Just as Loki turned around to see how the rest of the battle progressed, his elder brother landed another haymaker punch in the third guard's stomach for the fifth time. The wind finally knocked out of him to the point of unconsciousness, the last Bollevolk sank to the floor defeated. Thor reached out to catch Mjolnir as it finally returned to his hand, accompanied by faint echoes of a tremendous crash in the distance; a Bollevolk guard smashed through heavy doors at the distant end of the needlessly long hallway.

Loki clapped. Slowly. "Took you long enough."

"Well, I did take down four, to your two," Thor scoffed.

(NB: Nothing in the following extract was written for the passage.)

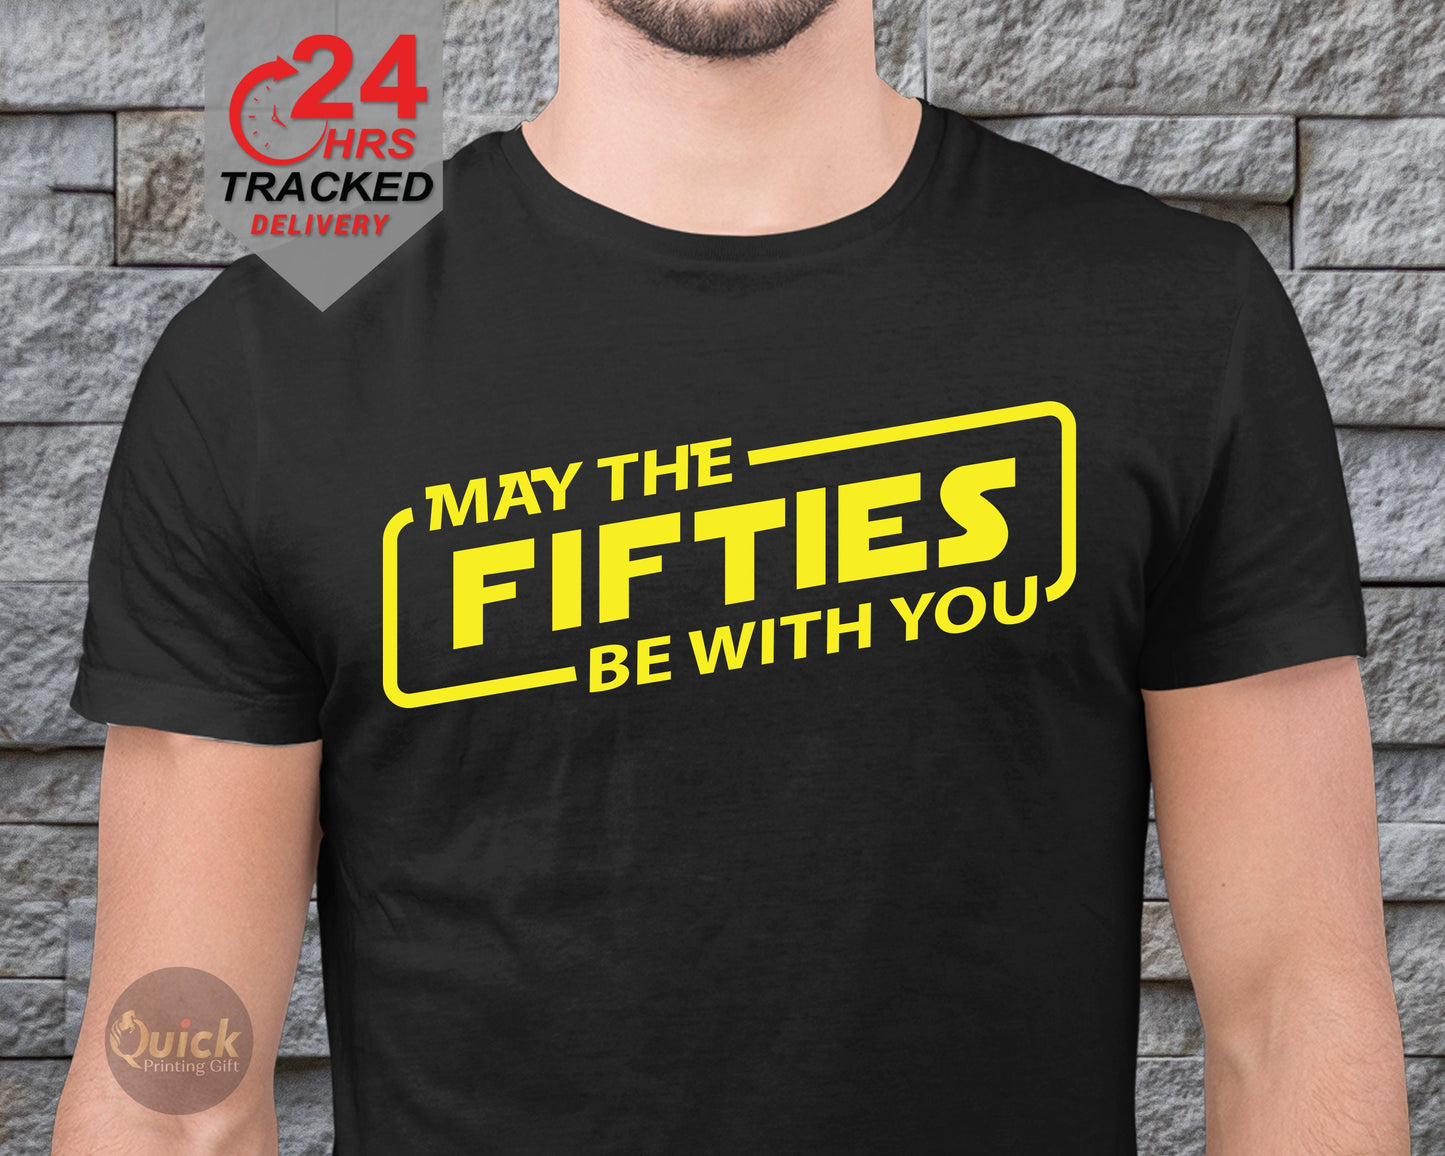 May The Fifties Be With You Tshirt, The Ideal 50th Birthday Gift for Men, Fathers Day Shirt for Dad, 50 Year Old Man shirt.

Loki shook his head. "Ah-ah-ahh… You took down three. That one," he cocked a finger down the hall, "doesn't count. Mjolnir did all the work."

"Ugh!" Eyes rolled. Mightily. "Fine, three." He gestured with his hammer (and ally). "Your two fell easily."

Loki turned, strode into the long passage to the Bollevolk maze with purpose. "Because I tipped my daggers with ymirseitr."

Thor jogged a few paces to catch up. "That's cheating!" The brothers, quite unaware, fell in step with each other.

"Fight smarter, not harder."

Thor had to concede the point, if not the method. "Ymirseitr, eh? Potent stuff."

"Three drops is lethal."

"And how much did you use?"

"Two drops," Loki confessed. Thor grinned, pushed Loki's shoulder firmly enough that he stumbled to the side for a step or two. "Wha-at?" he demanded, confused.

"I knew you'd changed."

Sarcasm dripped from the very walls. "Oh, I can't hide anything from you."

They walked a bit before something dawned on Thor. "It's too expensive to waste, isn't it?"

Loki grinned. "Each drop, dearer than six ounces of uru."

Thor was taken aback. "Surtur's HAIRY... eyebrows! Truly?"

Loki grinned wider. "Would I lie?"

Their laughter echoed up and down the hall and back again.